Not using .dockerignore. The build sends hundreds of MB of node_modules to Docker. Builds are slow and images are bloated.

Baking secrets into the image. ENV JWT_SECRET=... in the Dockerfile. Anyone with the image can read it.

No health checks. The container is “running” but the app is deadlocked. Docker does not know. Traffic keeps going to a dead app.

No log rotation. Logs grow until the disk is full. The database cannot write. The app crashes. Everything crashes.

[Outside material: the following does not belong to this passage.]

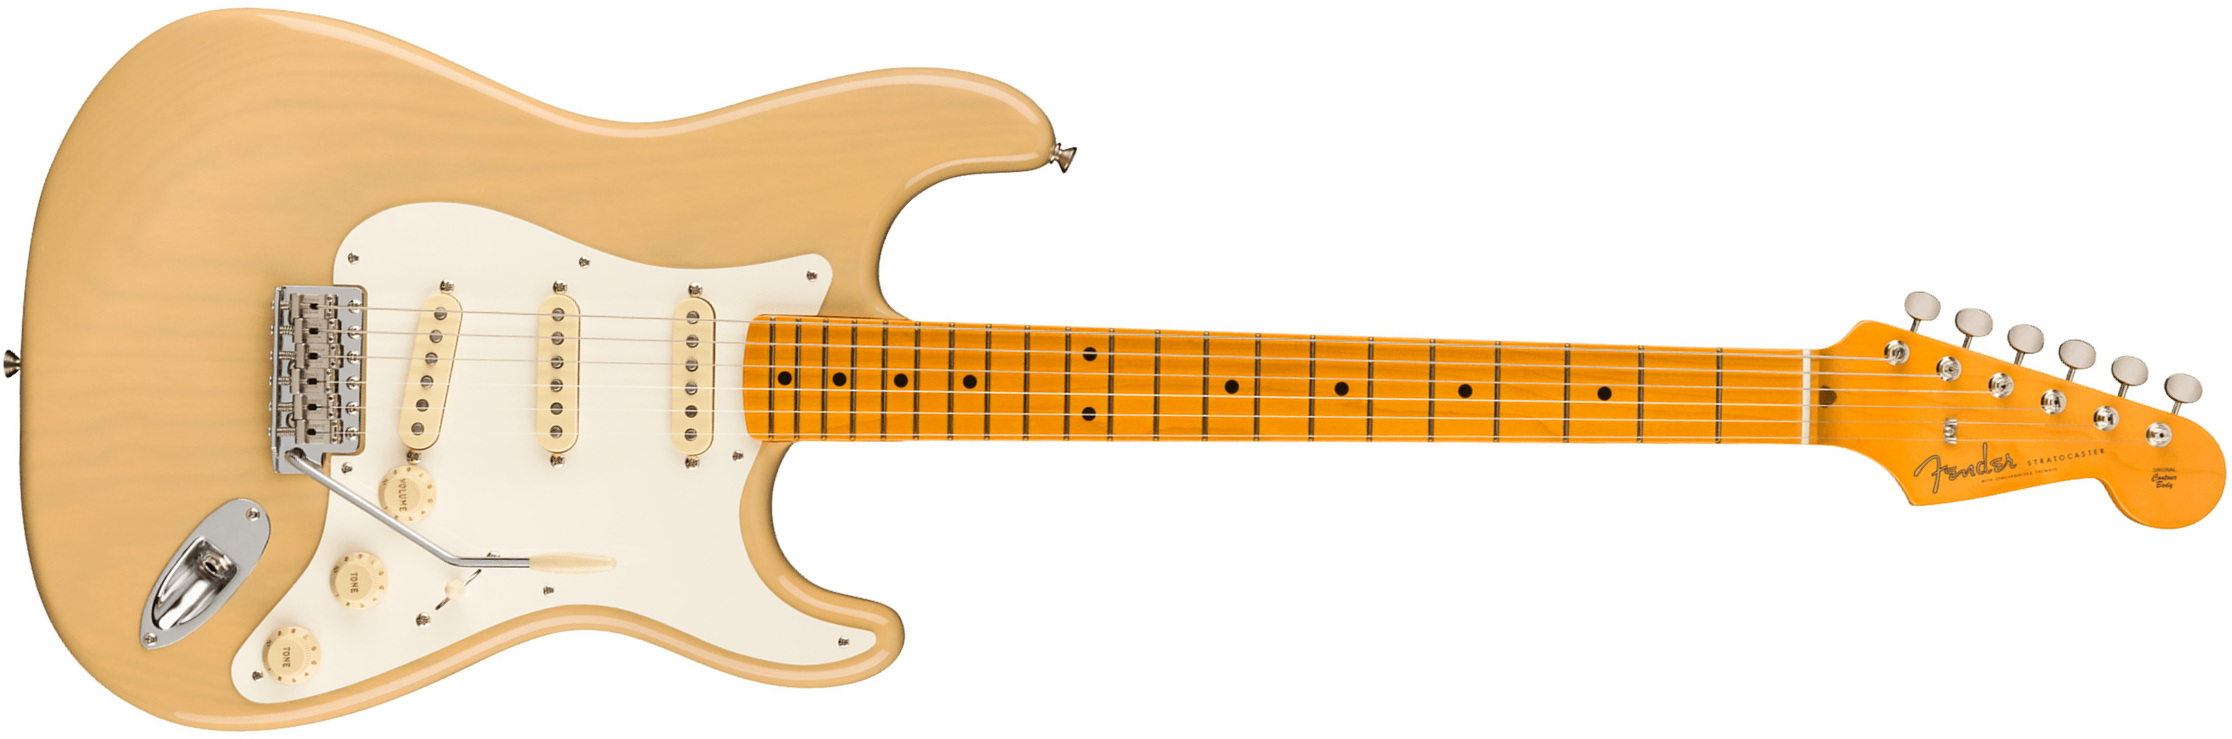 Fender Strat 1957 American Vintage Ii Usa 3s Trem Mn - Vintage Blonde - E-Gitarre in Str-Form - Main picture

Single-stage builds. The production image has TypeScript, dev dependencies, and build tools. 450 MB instead of 95 MB. Slower deploys, larger attack surface.

No resource limits. One container consumes all CPU and memory. Other containers starve. The host becomes unresponsive.

Using docker compose down/up for deploys. Downtime between stop and start. Use up -d --no-deps or the zero-downtime script.

Challenges

Challenge 1: Add a staging environment. Deploy to a separate staging server on pushes to a staging branch. Use a different domain and separate database.

Challenge 2: Add database backups. Write a cron job that backs up the SQLite database volume to object storage (S3/R2) daily. Test restoring from a backup.

Challenge 3: Add Prometheus + Grafana. Add Prometheus and Grafana containers to your compose file. Expose app metrics at /metrics. Build a dashboard showing request rate, response time, and memory usage.

Challenge 4: Migrate to PostgreSQL. Replace SQLite with a PostgreSQL container. Update the compose file, add a PostgreSQL volume, and update the app to use pg instead of better-sqlite3.

What is the most important step in the deployment pipeline?

What should you do if a deploy fails the health check?